After a spring campaign marked by unrelieved criticism of his opponent for the County Board of Supervisors for alleged dishonesty of character and job performance, state Sen. Mark Ridley-Thomas declared this morning that he is turning up the heat immediately to warm the room for their November runoff election.
He called for Bernard Parks to emerge from the closet, to admit his true right-wing political identity.
“Bernard Parks has to disrobe as the candidate of the Republican Party,” the senator, a traditional labor-friendly liberal, said at a news conference in front of his twin-story Leimert Park home. “I am the candidate of the Democratic Party, unapologetically.”
The Ridley-Thomas campaign’s exposure of the fired LAPD police chief and his foibles will hardly stop there. The senator promised to tighten the screws, while hinting darkly about the amazing coincidence of parallels between the websites of the Democratic Presidential nominee Barack Obama and Mr. Parks.
“We will work this issue to the fullest extent,” the senator said. “Ultimately, I believe this will position us to win. Bernard Parks actually is a conservative, and that makes him out of step with the 2nd Supervisorial District.”
A master rhetorician who never has lost an election while winning three different offices in almost 20 years of public life, Sen. Ridley-Thomas, who is not tall, towers over opponents when tongues are the weapons of choice.
Revelations En Route?
One day after Sen. Ridley-Thomas defeated Mr. Parks, an L.A. City Councilman, 45% to 40% in the harshly contested primary election — leaving him well short of the 50%-plus-one threshold needed to avoid a runoff — the winner warned his opponent not to relax. He intends to shine klieg lights on allegedly shadowy areas of Mr. Parks’ present and recent past that are likely to make him squirm, the senator promised.
Far from disappointed with being forced to mount back-to-back campaigns to win the powerful Board of Supervisors seat, Sen. Ridley-Thomas said that with eight other candidates vying for the office, no matter how weak some were, the math made it nearly impossible to achieve 50 percent. “You can never fully predict who will get how many votes,” he said.
The senator pledged not to change anything during the 5-month finals, which started as soon as he awakened this morning.
He speaks with the conviction of a preacher reading to his congregation from the Bible on Sunday morning — but always without tipping his hand. He specializes in tantalizing language. He talks about what the campaign is going to do without being specific.
While not admitting to committing any mistakes during the primary, Sen. Ridley-Thomas said that “we will run harder, smarter, more effectively while broadening our already large coalition of supporters.”
Leading Off
To dig a stick a little deeper into Mr. Parks’ ribs, when the senator recites the list of his ,major backers, he never fails to start with law enforcement. This is calculated. Law enforcement was the bailiwick of Mr. Parks for 37 years, with LAPD, before he was canned by former Mayor Jim Hahn.
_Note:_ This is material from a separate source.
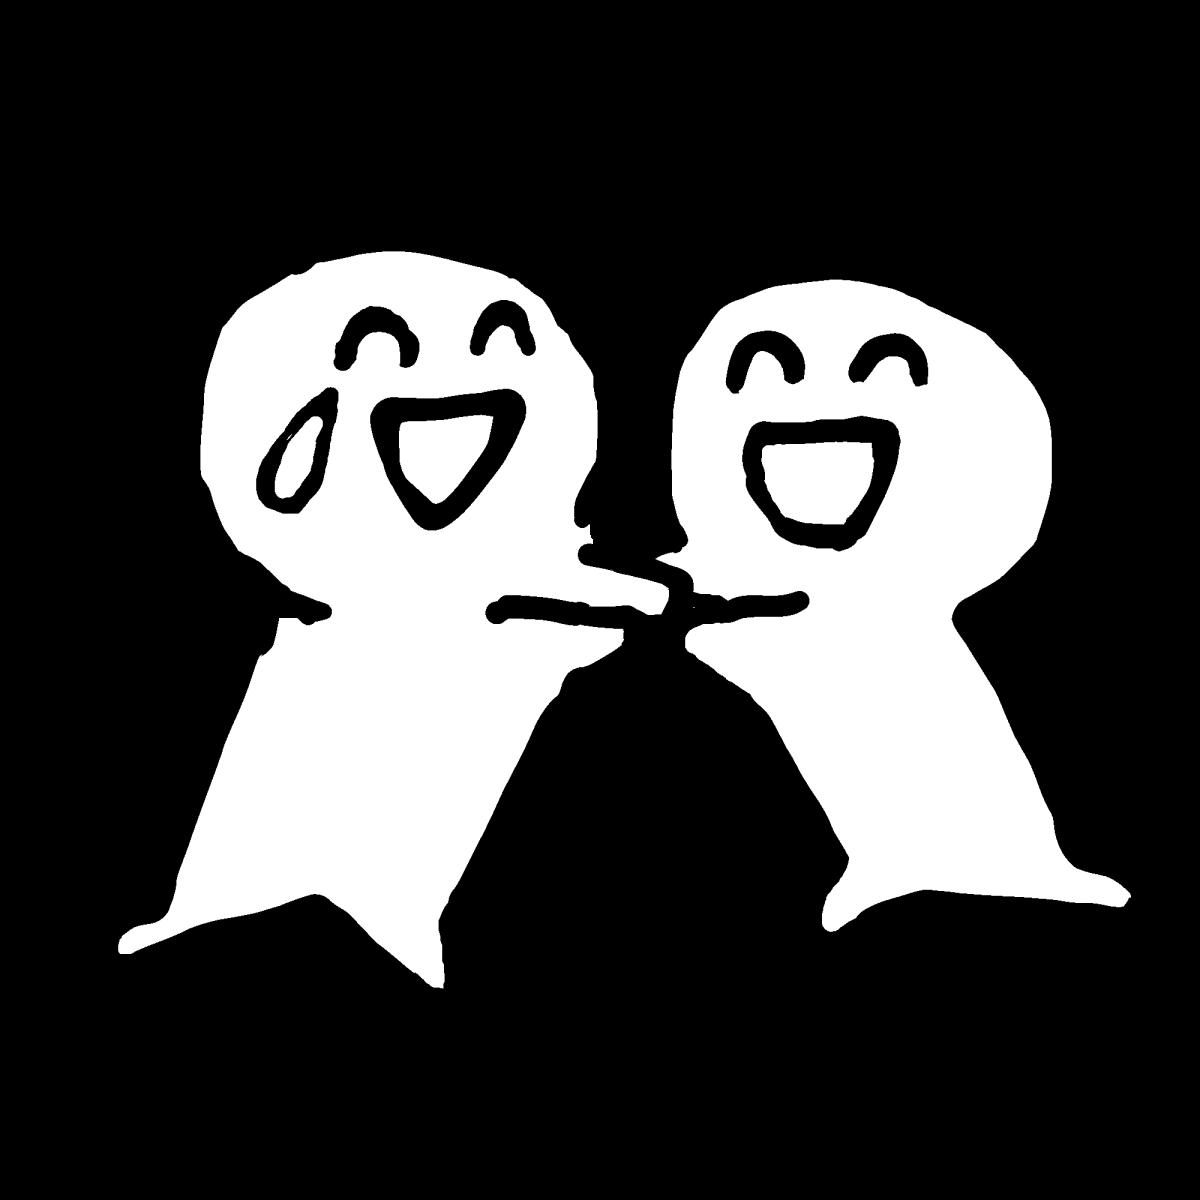 仲間と大喜び2のイラスト / Exultant with friends2 (2type) Illustration

Playing with artful deftness to the crowd at last night’s post-election party at the Sheraton Gateway Hotel down by LAX, Sen. Ridley-Thomas couldn’t resist announcing to the hungry crowd that Mr. Parks’ successor, Police Chief William J. Bratton —slow, deliberate emphasis on each syllable — had just telephoned his congratulations on the primary triumph.
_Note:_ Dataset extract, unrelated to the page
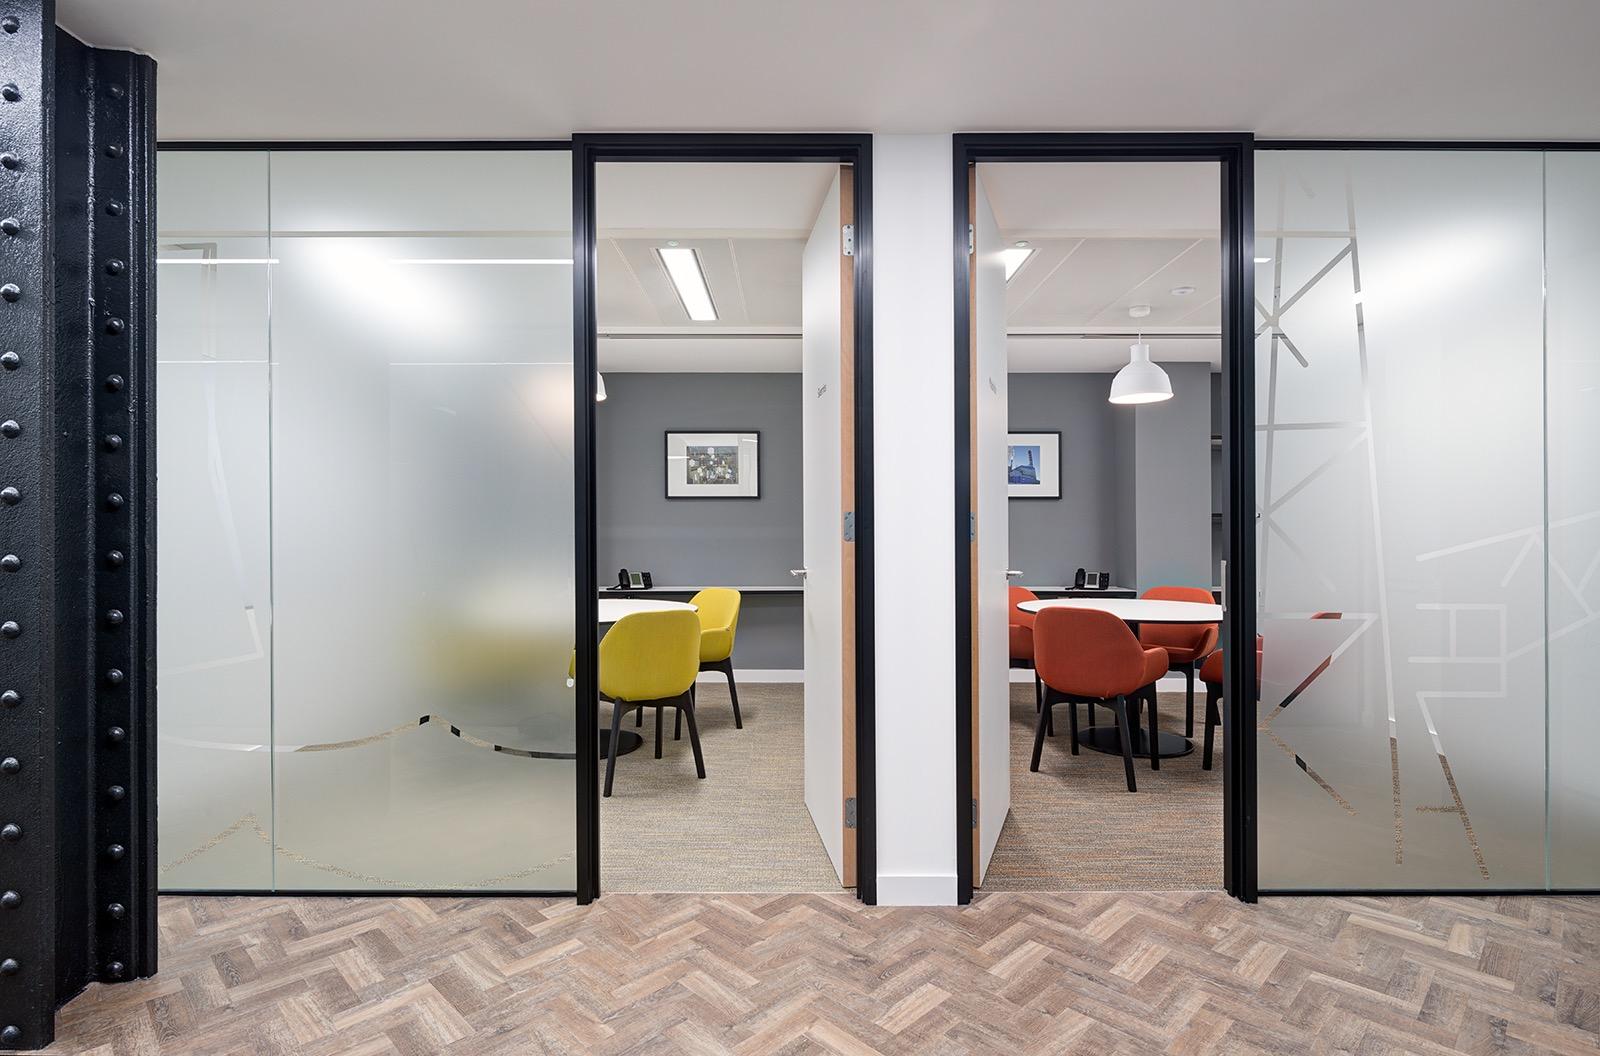 blackrock-london-office-4

It was purely coincidental, of course, that Sen. Obama clinched the Democratic Presidential nomination on the same day that Sen. Ridley-Thomas knocked out Mr. Parks in the first of their two rounds. From a marketing standpoint, that correlates to winning the lottery.
From some of Sen. Ridley-Thomas’s flourishes, there was a residue of doubt about which candidate was riding the wings of the other.
Temptation That Is Not to be Resisted
Like an amoeba on steroids, the outsized Obama irony not only did not escape the senator’s unswerving vigilance, he practically converted the opportunity into an instant baseball bat, the better to whack Mr. Parks’ for his asserted shortcomings and assorted foibles.
Perhaps a dozen times during his half-hour meeting with reporters, Sen. Ridley-Thomas invoked Mr. Obama’s name. Each time he stressed his own prominent leadership role in the Obama California campaign and how the synergistic sparks that the two politicians magnetically cause will form a veritable Milky Way for them to dash up a stairway to the stars in Election Heaven next November.
For example:
“This is an extraordinary moment for me to help move an agenda forward,” Sen. Ridley-Thomas said, but it was not clear whether he was referring to the Democratic nominee’s version of change or his own.